Называйте меня Иудой. Или Петром. Я не стану этого подтверждать — но тогда я был слишком напуган, чтобы ответить отрицательно. Я взмахнул рукой.
«Почему вы боитесь? — На нем был черный костюм, молитвенный платок и крестьянская рубаха. Черные волосы были скрыты под шапочкой. Его лицо выражало полнейшую невинность. Это меня насторожило. — Казаки? Вас преследовали?»
Евреи вышли из синагоги. Они окружили меня. Я сохранял спокойствие. Мои руки касались спусковых механизмов пистолетов. Евреи отвели меня в какую–то таверну. Они открыли двери настежь. По сравнению с этим местом заведение Эзо в Одессе выглядело петроградским кабаре. Я сказал, что у меня родственники в Одессе; я направляюсь к ним. Они спросили, где живут мои родные. Молодой человек был из Одессы. Я помню, как при этом почувствовал себя униженным. Я сказал, что мои родичи живут в Слободке, — следовало отвечать хитростью на хитрость. В конце концов, я стерпел то, что меня назвали евреем. Теперь, по крайней мере, я мог обратить это себе на пользу. Я пожалел, что покинул поезд. Я вытащил карту и попросил указать наше местоположение.

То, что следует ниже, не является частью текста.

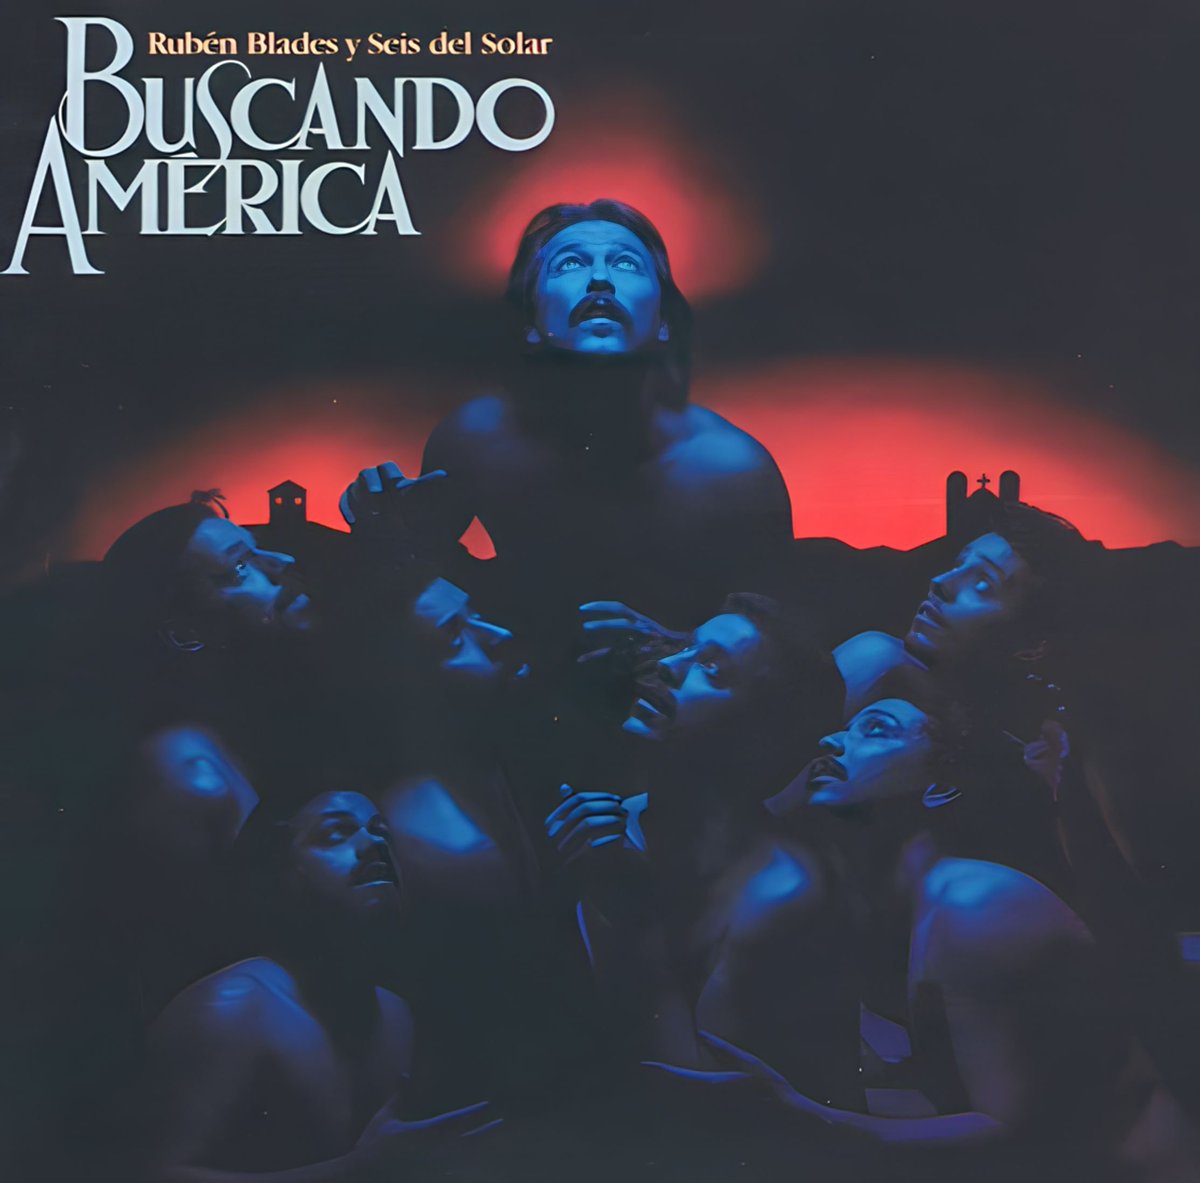 40 años de ‘Buscando América’, uno de los mejores trabajos de Rubén Blades y uno de los discos de salsa más destacados de la historia. Grabado en los Eurosound Studios de Nueva York entre mayo y agosto de 1983 con su banda, Seis Del Solar, y publicado por el sello Elektra el

Оказалось, что мы где–то в районе Гуляйполя, большого поселения, название которого связано с именем Махно, как Александрия — с именем Григорьева. Эти места были настоящими казачьими крепостями. Мы находились в нескольких сотнях верст от Одессы.
Как несчастны были эти евреи. Такая нищета! И с этим внушающим ужас, будто осуждающим смиренным выражением лиц, свойственным им всем. Я задрожал, хотя и пытался сдержаться. Мне не хватало самообладания. Мне нужен был кокаин. А его почти не осталось. Не следовало расходовать попусту порошок. Я спросил, где Махно. В Гуляйполе? Они так не считали.
— Он где–то далеко, — сказал юноша, — сражается за нас.
— За вас? — Я едва не расхохотался во весь голос.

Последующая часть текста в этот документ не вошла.